There’s a good possibility that when someone hears these words spoken by an orthopedic surgeon, this would bring a smile to their face. After all, perhaps the surgeon is about to suggest another solution to pain they have been experiencing. Don’t get me wrong. He did. But his suggestion was to go back to my pain specialist and try some different techniques. “They have all sorts of procedures they can perform to help you with the pain!”, he exclaimed loudly as he told me a story of another patient of his who went to the same pain specialist that I’m seeing and had great success.
What I told the surgeon though was that I had already tried everything the pain specialist had to offer, which I thought he already knew given that I was being referred by a pain specialist who saw the MRI of my back and determined their wasn’t much else he could do for me.

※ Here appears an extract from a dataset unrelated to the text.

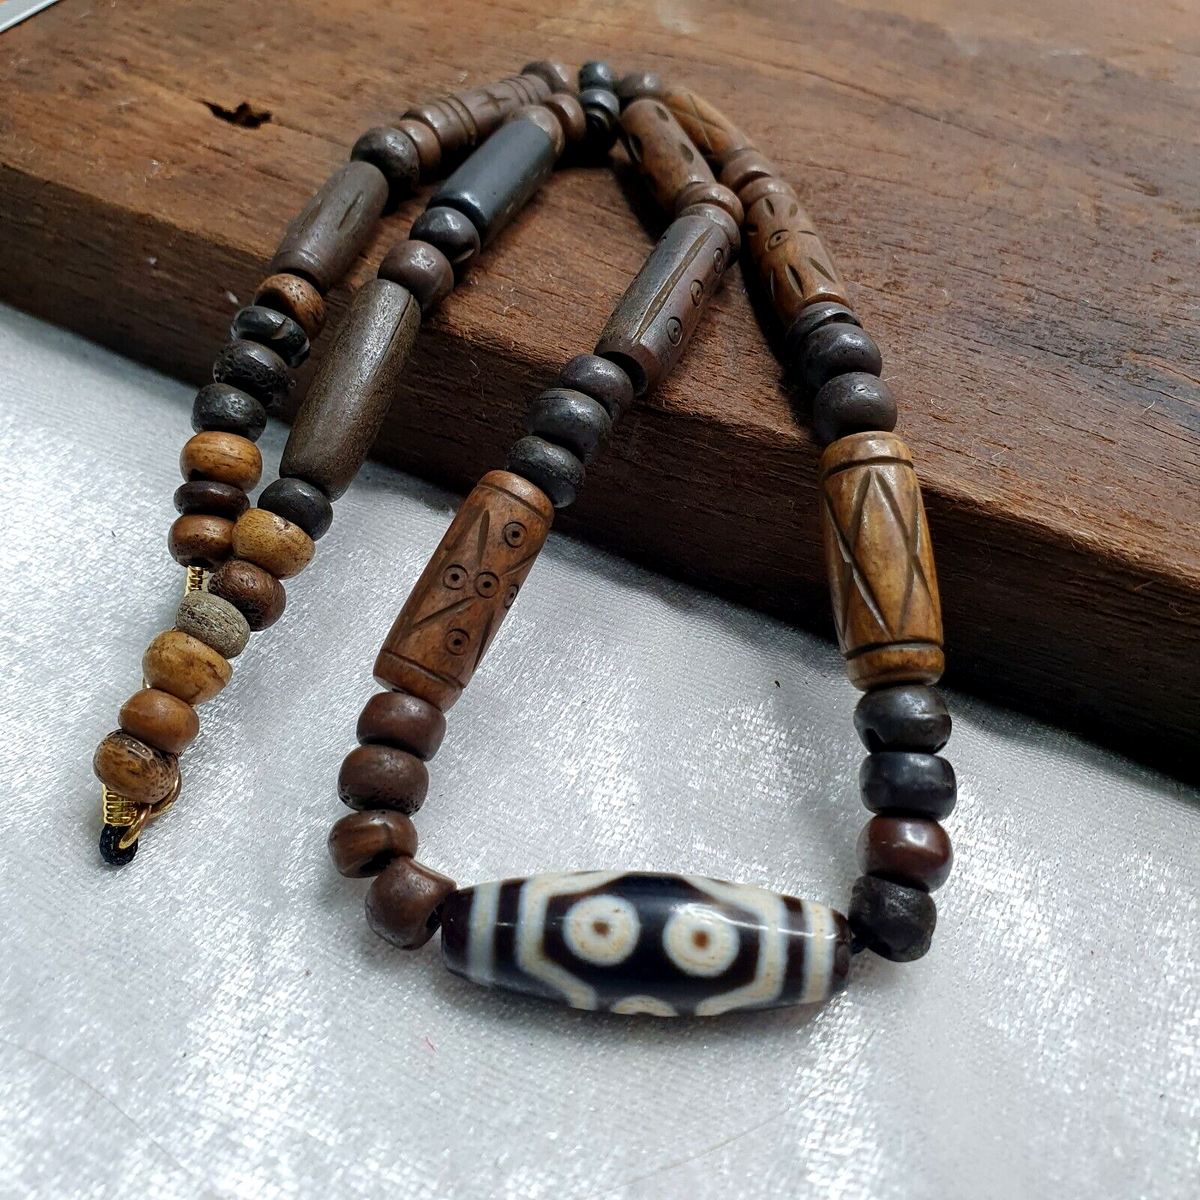 7 eyes Tibetan old Agate amulet with carving Yak Bone Beads Necklace

He then went on to show me my messed up spine on both the MRI, and the X-Ray he took while I was in his office. I’ve seen these pictures hundreds of times in my lifetime, and every time I look I feel deformed, and ugly, and things just look worse that they did before, and that’s because they are worse.
“I can see why you are in pain.”, he said. He pointed out the “inflamation”, the “degeneration”, the pinched nerves, the arthritis, and how the scoliosis was only complicating matters. He pointed out that the top of my back was bent forward and that he was afraid if he operated on the bottom of my back I would be hunched over even more than I am now. He lectured about how correcting the problems I had in my lower back would not fix the pain I’m experiencing because the pain I’m experiencing is in my lower back. This caught me off guard, but he explained that fixing the lower back helps leg pain, not lower back pain. I still don’t completely understand, but I’m not an orthopedic surgeon, so I guess I have to trust him.
I then said to him, “So you are confirming that I’m feeling pain. I already know that. Is their nothing you can do for me?” He told me the odds of surgery fixing my problem were too small to risk causing more problems and just distributing the pain to another location. I understood this. I was just frustrated. I told him about the pain medication I was on and explained that I didn’t want to have to take it for the rest of my life. I had already asked the pain specialist about other things I could do, and I’ve already tried those other things. Exercises, Chiropractic, physical therapy, massage. About the only thing I haven’t tried is Accupuncture. The pain specialist said none of this would help me. Not with everything that is broken in my back.
The thing is though, this surgeon was just one man. He gave me the phone number for another surgeon who works in my area, and also at John’s Hopkins hospital. I’ve already contacted John’s Hopkins on my own and I’m waiting to hear back from them. I’m not giving up on this until I’ve exhausted all possibilities.
Today, disappointing news is not devastating news because today I am a much more balanced person emotionally than I used to be. I am deformed, but I’m not a freak, and in fact I’m a pretty darn good looking guy. My deformity is hardly noticable until you’ve been staring at me for a long time, and some people have told me they don’t notice it at all. I’m just a person in pain. Long term treatment with pain medication is not an option for me, and I’m not going to accept that as the solution. I hate having to take it! I hate the stigma associated with it! I hate the side effects of it, and if you are wondering what I’m talking about, I hate having to take a ton of extra fiber supplements so that I can poop! I hope that didn’t gross anyone out, but really I don’t care.
The ending to this chapter of the story goes like this. This is not over until I say it’s over. I don’t see any fat women around, just one slighly chubby man, so I’m going to keep trudging forward.